The Elegance of Anarchism


"[T]he great emancipatory gains for human freedom have not been the result of orderly, institutional procedures but of disorderly, unpredictable, spontaneous action cracking open the social order from below." Thus concludes James C. Scott's brief celebration of the joy and necessity of anarchism, Two Cheers for Anarchism, (Princeton University Press: Princeton, 2012).

Of course, Scott is right. Who foresaw the collapse of the Berlin Wall, the Arab Spring, the Occupy protests, or, most recently, the groundswell of popular protest in Brazil? When, one wonders, will the damn of restraint break in the United States to shatter what is rapidly becoming an economic caste system?

Scott is an unlikely proponent of anarchism. He's a tenured professor of political science and anthropology at Yale University. There's something counterintuitive about an academic preaching chaos. Isn't he the intellectual equivalent of a trust-fund baby - living free and easy off the unearned income of his university's generous endowment?
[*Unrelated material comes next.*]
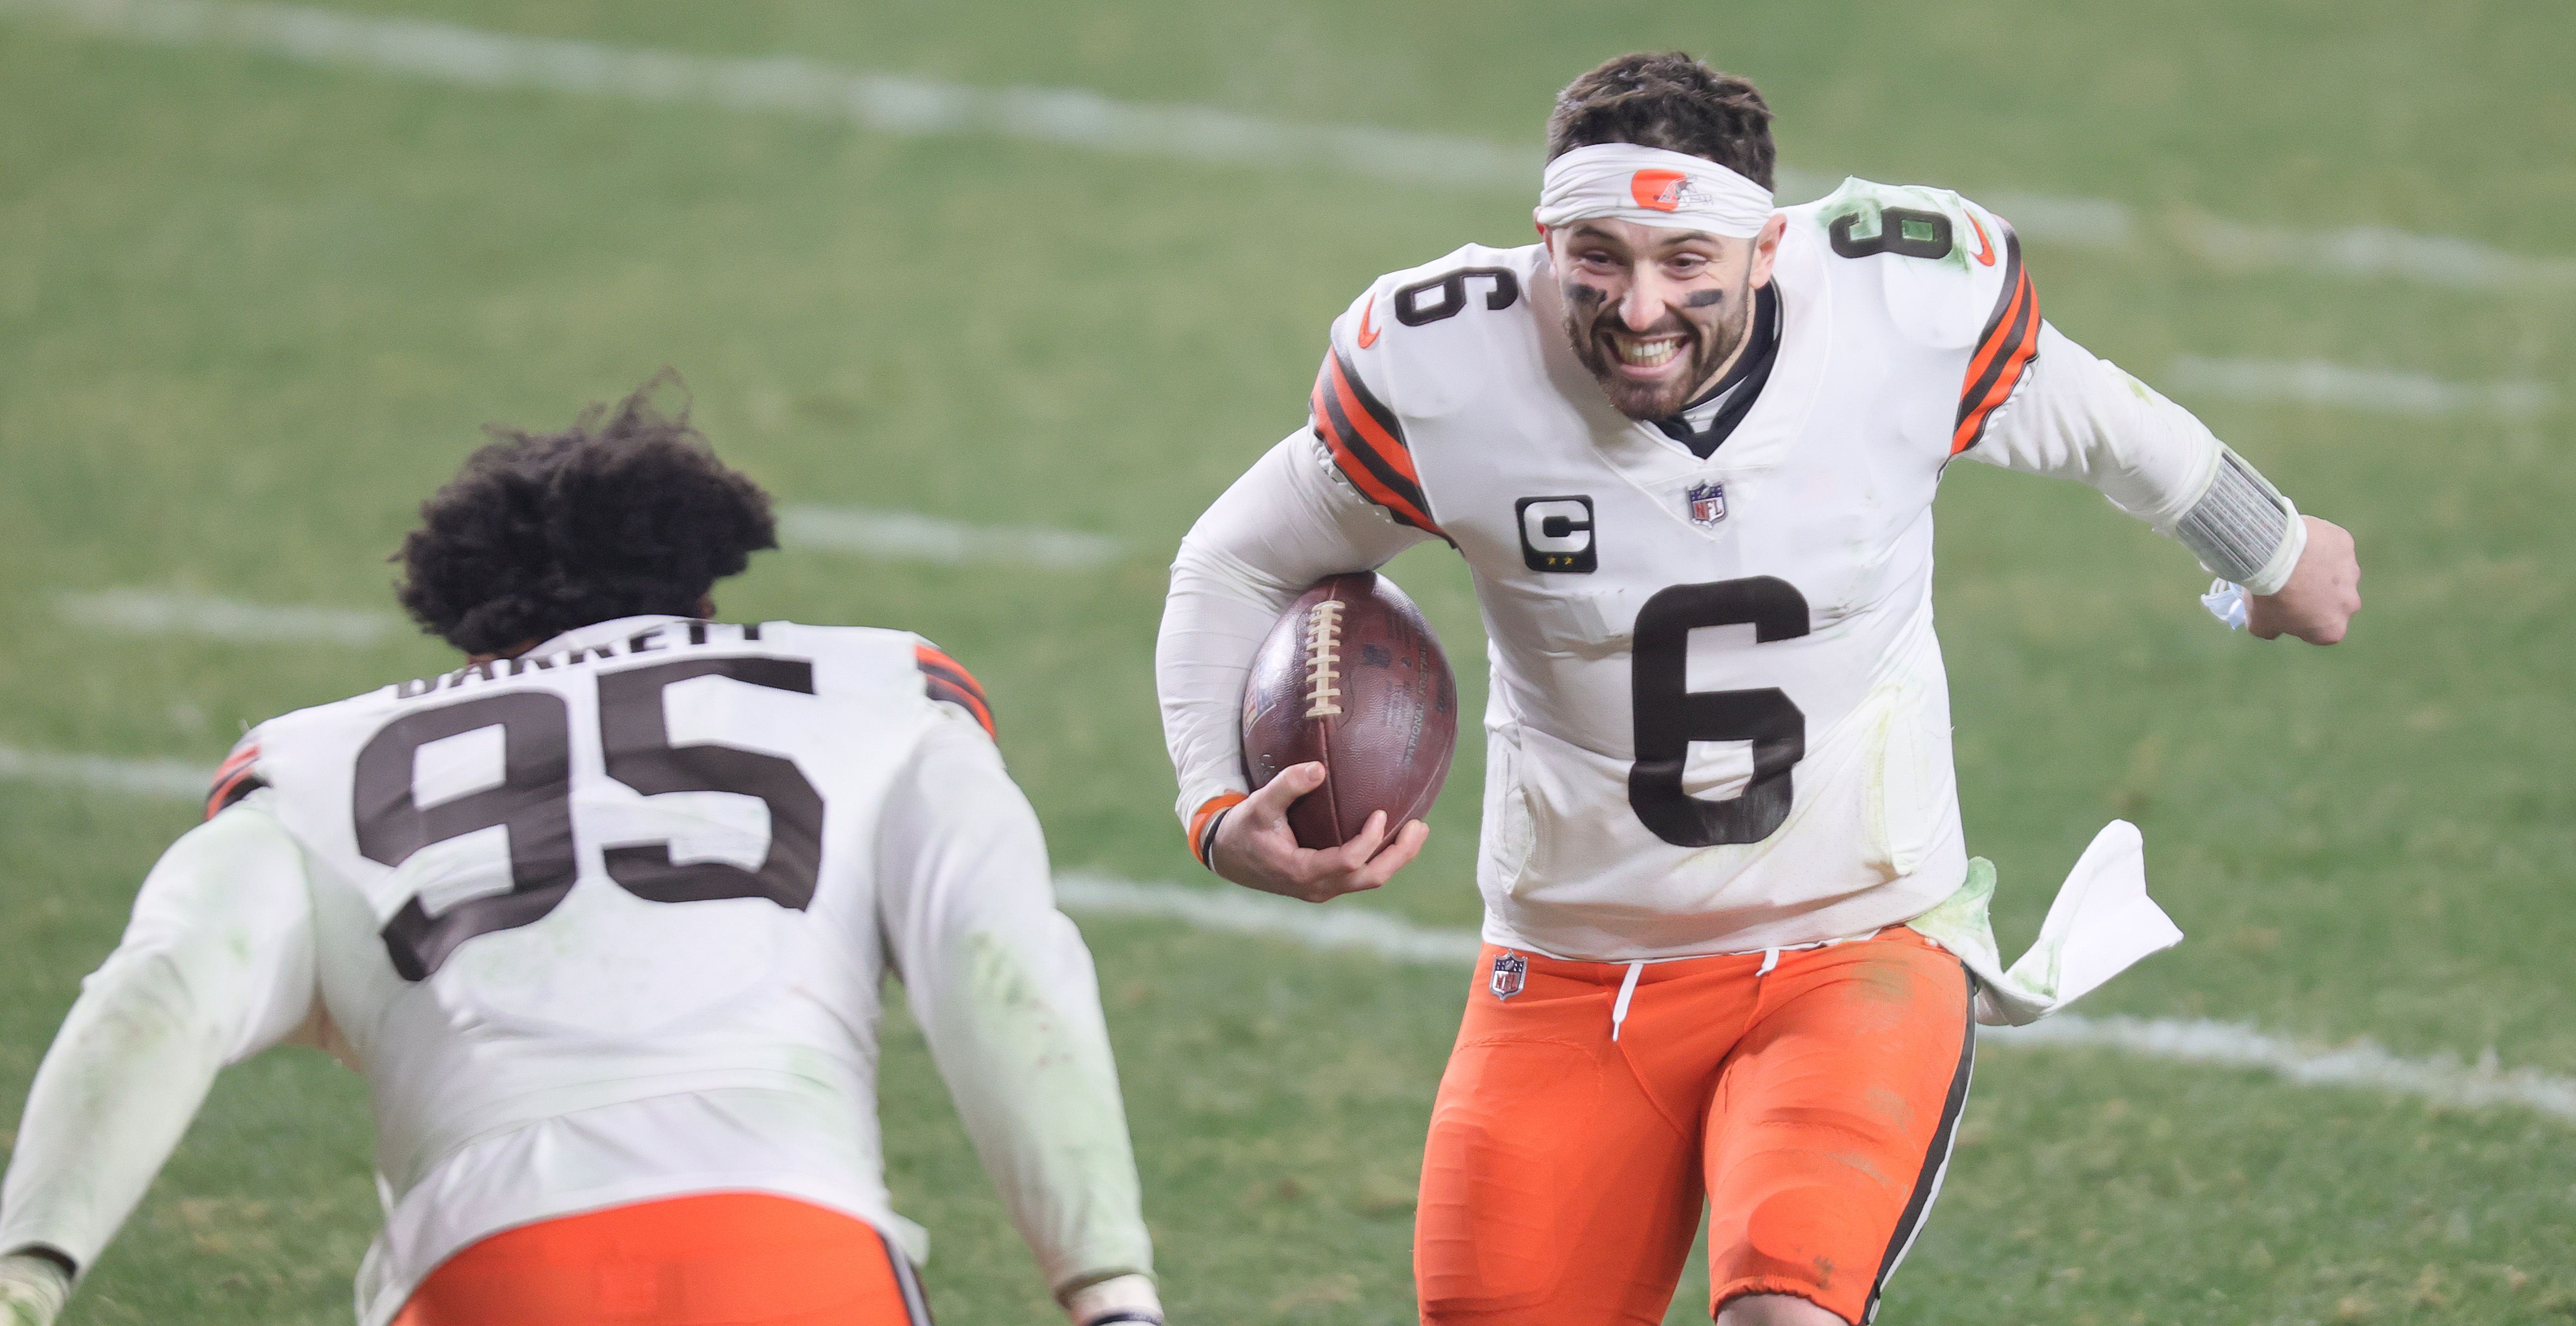 Browns-Steelers playoff game delivers huge ratings for NBC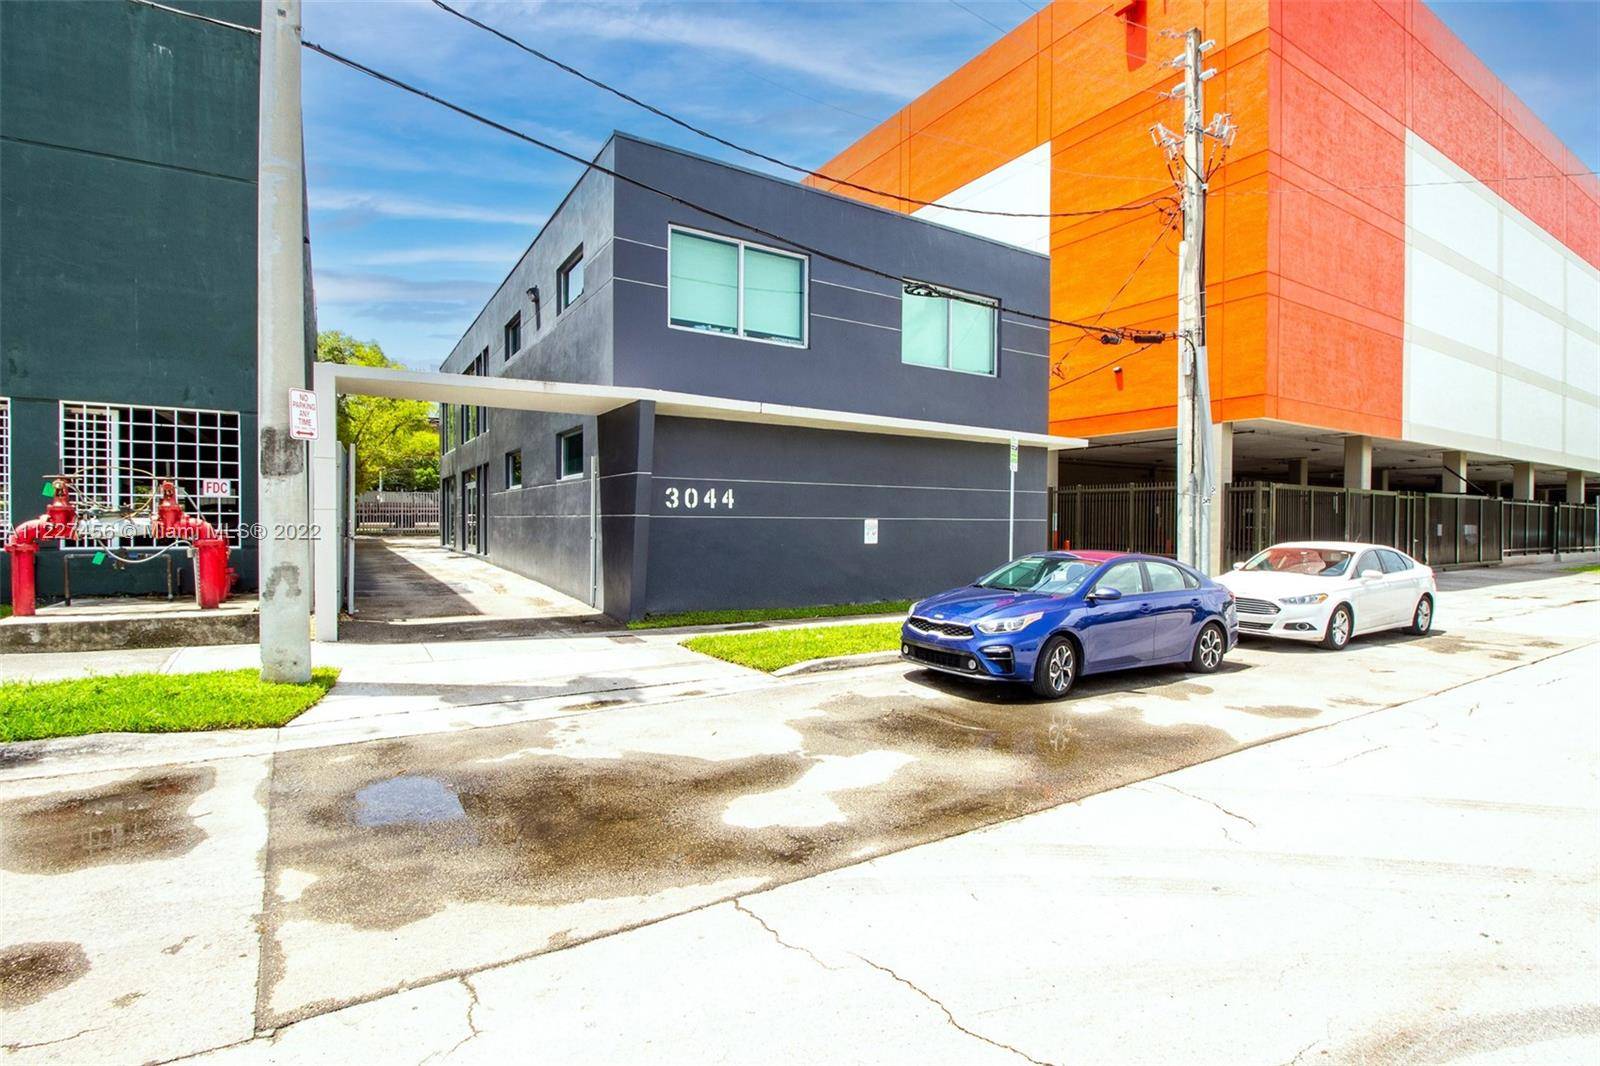 Free Standing office space centrally located off of US1 and the Coconut Grove area, just two blocks away from the Coconut Grove Metro rail Station.

Such thinking reflects a misunderstanding of anarchism.

Anarchism is not disorder for disorder's sake. It is a rejection of the status quo as inadequate to meet the necessities of the time. It is the outcast forever and always challenging the orthodoxies of his time. It is the outsider saying to those confidently sharing the glow of inclusion: "Not so fast. There are things your ideals do not explain. Your rhetoric doesn't match the reality of my life." Anarchism is David saying to Goliath, "Do you feel my pain? No? Then feel this rock."

The great enemies of human freedom are the ideals and ideologies that seek to blind men and women to what they see all around them. Hence, we celebrate freedom in the United States while housing more men and women in prisons than any other nation on earth. We sing songs of equality while the rich get richer, and poor, well, they're just dropped from statistical reports - did you know that unemployment numbers reflect the number of folks looking work. Those who have dropped out don't count. They are our disappeared.

Listen to Scott describe the crayons politicians and mainstream journalists use to color over the rough edges of life: "The natural impulse to create a cohesive narrative to account for our own actions and lives, even when those lives and actions defy any coherent account, casts a retrospective order on acts that may have been radically contingent." In other words, we create the order we need by choosing to see what we report. The anarchist's voice is the demand of the powerless to be heeded. The anarchists "willingness to break the law [is] not so much a desire to sow chaos as a compulsion to instate a more just legal order," Scott writes. The anarchist is a shriek in a convent, protesting that solitary devotion to the holy comes at a profane cost.

Tired of the meaningless charade of Barack O'Bush and John Boehner, two squawk boxes pissing passed one another on the nightly news? "The brutal fact of routine, institutionalized liberal democratic politics is that the interests of the poor are largely ignored until and unless a sudden and dire crisis catapults the poor into the streets." The insiders see no reason to change the rule of the game so long as it works for them. It is only when the outsiders force issues that real change occurs. Decades of "trickle down" economics has yielded only huge deficits, plutocrats and corporations too big to fail. Take a drive through the Midwest sometime and see what's left of the middle class.

Scott's been a student of the dispossessed around the world for a scholarly lifetime, studying peasant resistance in Southeast Asia. The point of this little book is that anarchism has a role not just in what we used to call the Third World. The simple art of lifelong resistance to structures that do not work - "[q}uiet, unassuming, quotidian insubordination" - is becoming a necessary way of life in this the best of all possible worlds. You can bring a colossus to its knees by acts of "silent, dogged resistance, withdrawal and [the] truculence of ordinary people." This ordinary revolt can be more effective than revolutionary violence, he writes.

Is Edward Snowden a traitor? Perhaps to the ruling class. To many others he represents something else. He understood the rules of the game the state now plays in the name of security. But security for whom, and at what costs? Snowden stepped outside the restraint of the law to demonstrate a larger truth - the contempt of big government and big corporations for ordinary people. Did you see the angry mug of the NSA's General Keith Alexander boasting how the surveillance state had saved us from so many terrorists attacks? He looked like a hungover J. Edgar Hoover grousing about all the communists who are infiltrating our schools, the government, the movies, and, well ... the very space beneath our beds.

Scott's simple little book does much to rehabilitate anarchism. Forever and always there will be conflict between the individual and group. Watch any pack of animals and you'll see order break down from time to time, the outlier either brought to heel, or driven away. The human kind is no different; we're just more creative, and destructive, in how we go about satisfying the imperatives of survival. There will always be simmering discontent: Civilization is a work in progress. Anarchism is no more than the means by which ordinary force those in power to heed the voice of even the least advantaged. God save anarchism.